Muaddi Darraj described the book as a mosaic novel, centered on Marcus, a Palestinian American cop, and his father, a Palestinian immigrant -- both are eternally at odds with one another. The novel became, she wrote in LitHUb, "a story about Palestinians dealing with the loss of their homeland, as well as with the urgency of living in a country that is, itself, fraught with class tensions and unable to confront its racist past."

Behind You Is the Sea received other accolades, including being noted as a "Best Book of 2024" by Apple Books, the New Yorker, Ms Magazine, the San Francisco Chronicle, and more, including NPR, which said, "If you want to know the challenges that Palestinian Americans face in the U.S., you must read this book. [Behind You Is the Sea] follows several families in Baltimore as they wrestle with poverty, religion, living in between two cultures and their pursuit of the American Dream. . . . How their lives intersect will leave you at the edge of your seat." It was selected by the state of Maryland as part of the Great Reads Program at the 2024 National Book Festival in Washington DC.

=== Other books ===
Muaddi Darraj edited Scheherazade's Legacy: Arab and Arab American Women on Writing , which was published in 2004 by Praeger Publishers.
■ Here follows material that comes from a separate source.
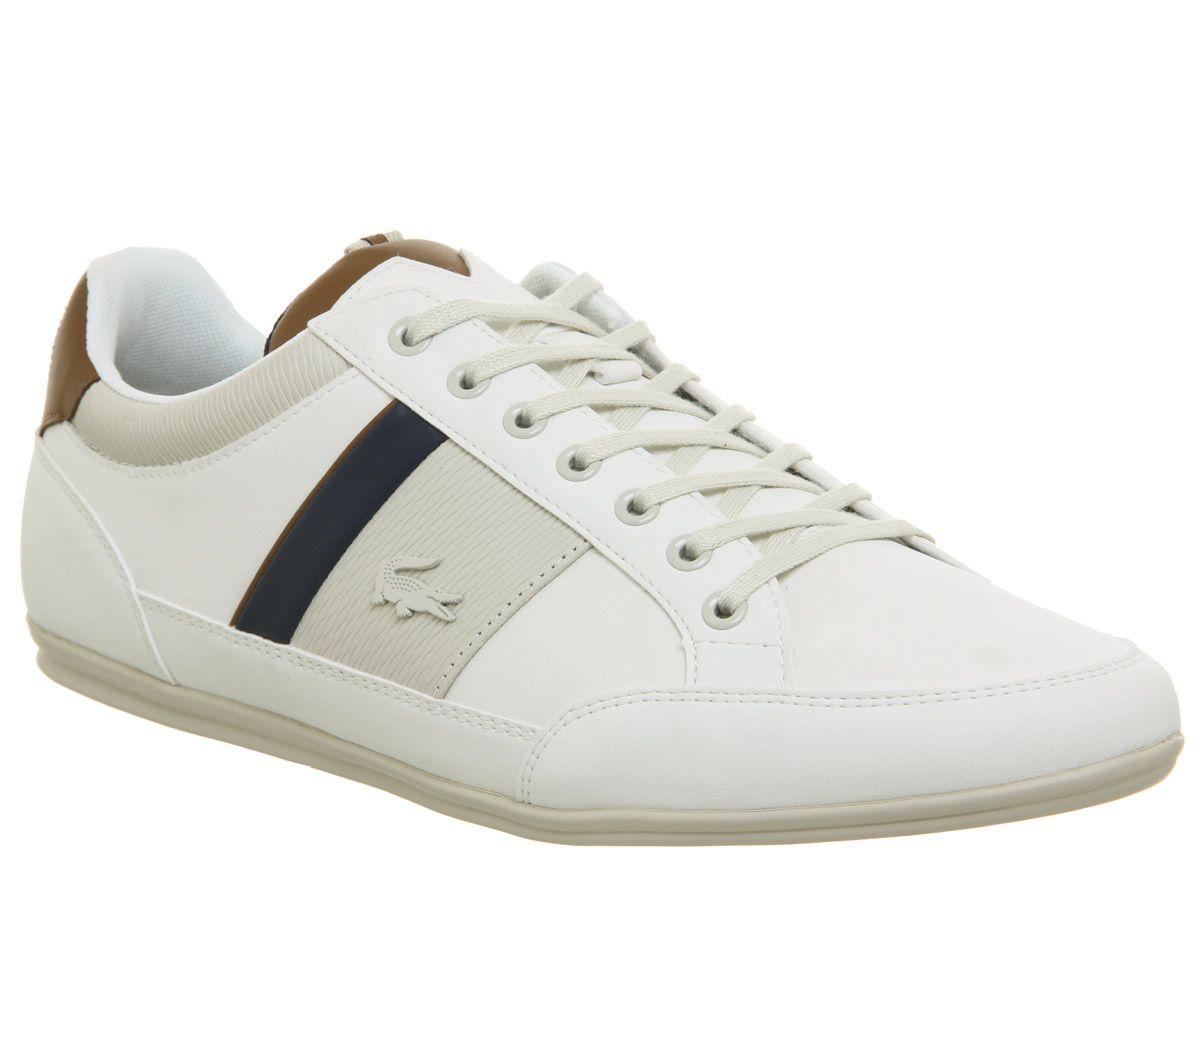 b4345e0ad Lacoste Chaymon Trainers Off White - His trainers
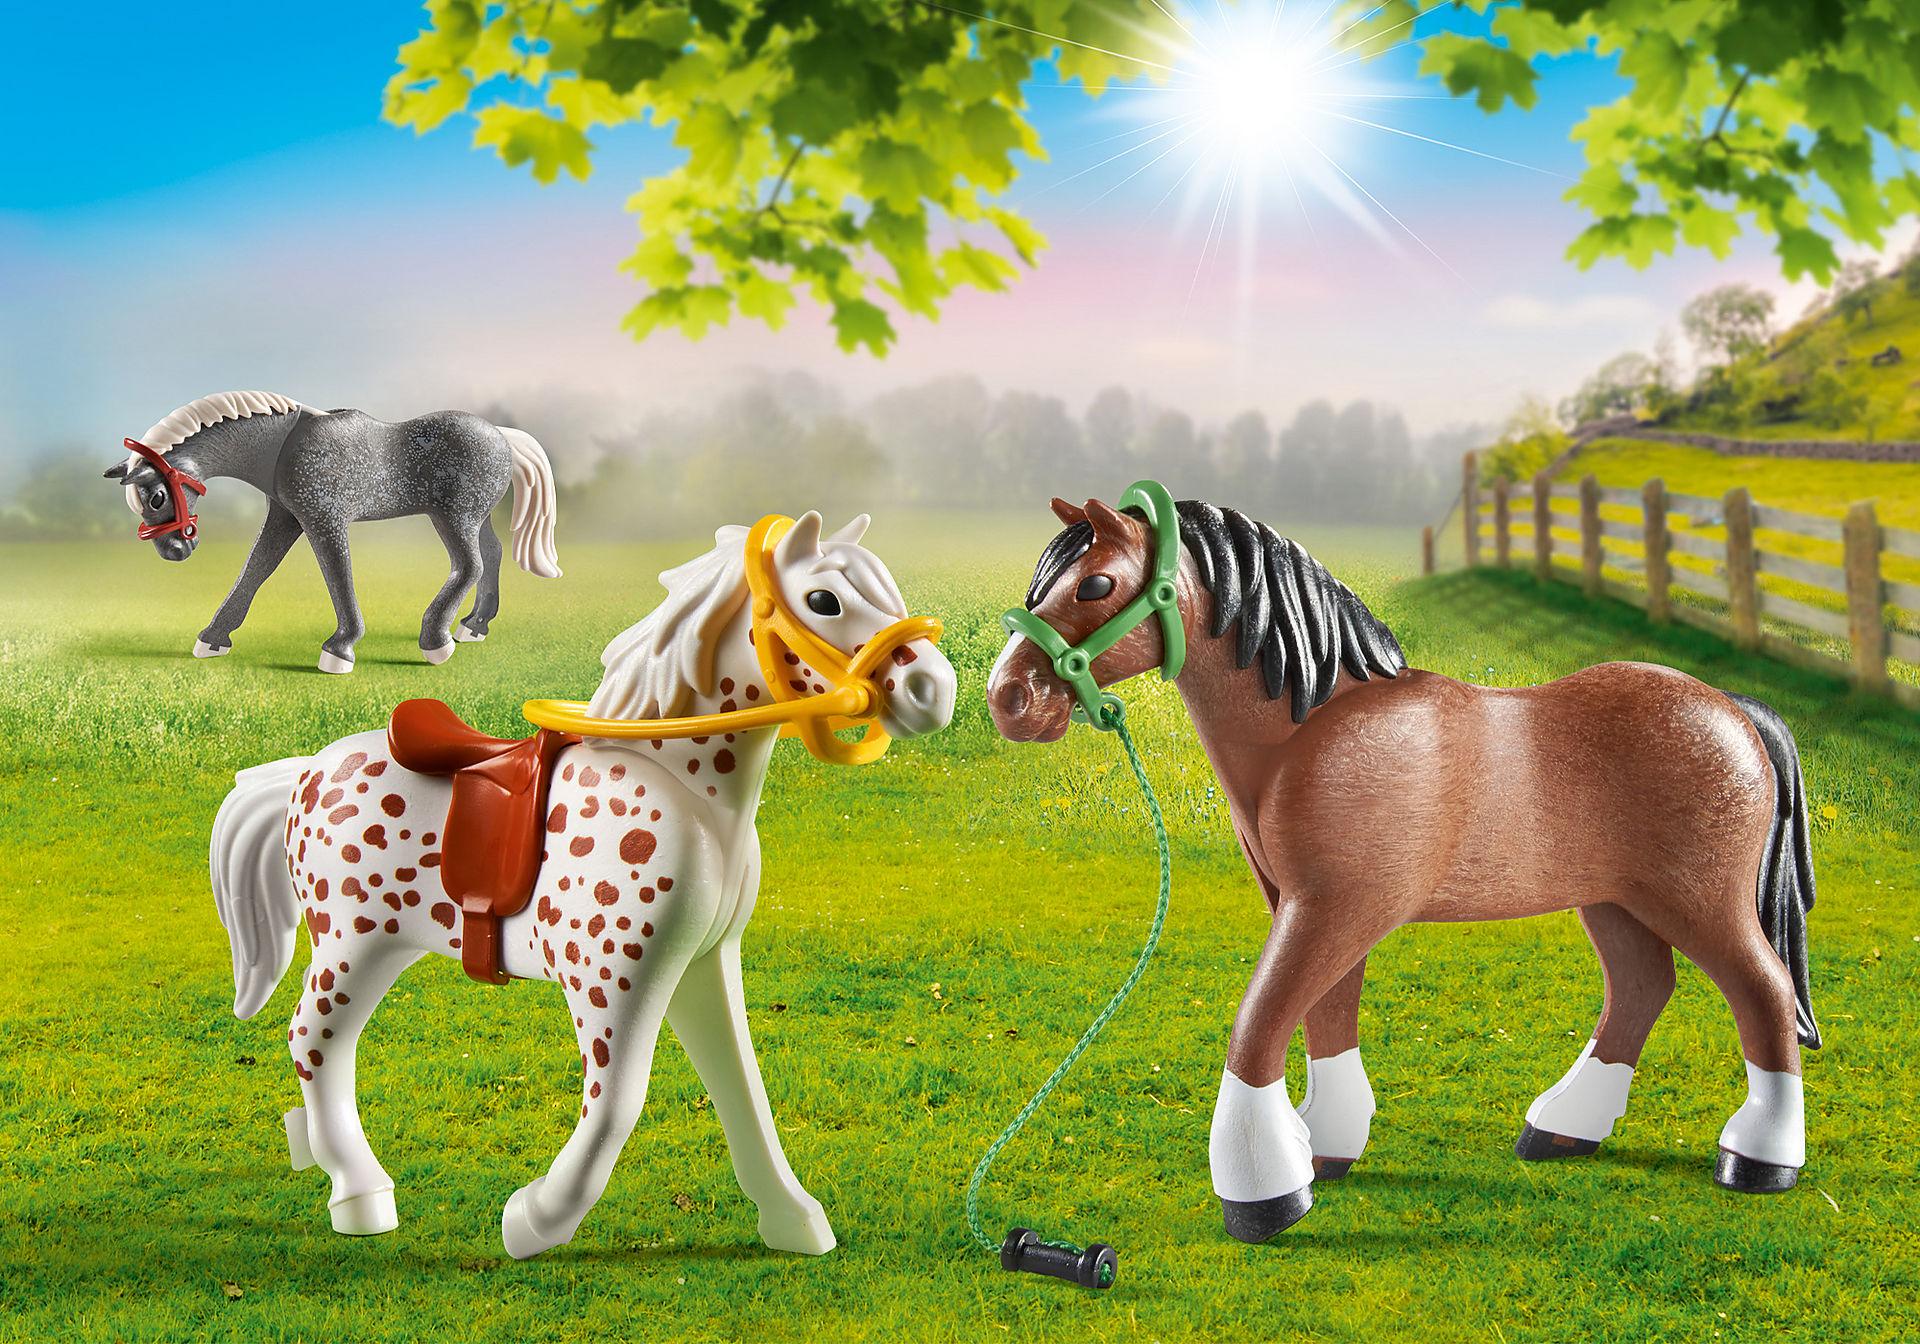 70683 3 horses zoom image1

With Waïl Hassan, she co-edited a volume for the MLA's Approaches to Teaching World Literature Series on Nobel Laureate Naguib Mahfouz. She has also contributed book chapters to several anthologies and collections, including Dinarzad's Children: An Anthology of Contemporary Arab American Fiction and Colonize This!: Young Women of Color on Today's Feminism.

Muaddi Darraj authored several young adult biographies, including books about the lives of groundbreaking Americans such as Jackie Robinson and Roberto Clemente (baseball players), as well as Mary Eliza Mahoney (the first African American nurse); she has also written biographies for young readers about famous writers, including Gabriel Garcia Marquez and Amy Tan.

== Articles ==
The topic of diversity in publishing is one of her themes. Muaddi Darraj has written frequently about the need for more diverse book offerings, which benefit all young readers, especially children of color. An op-ed she wrote for the Baltimore Sun, "Black and brown children not represented in children's books," was widely circulated and raised awareness of this issue. She has also written for Middle East Eye and other venues on this topic.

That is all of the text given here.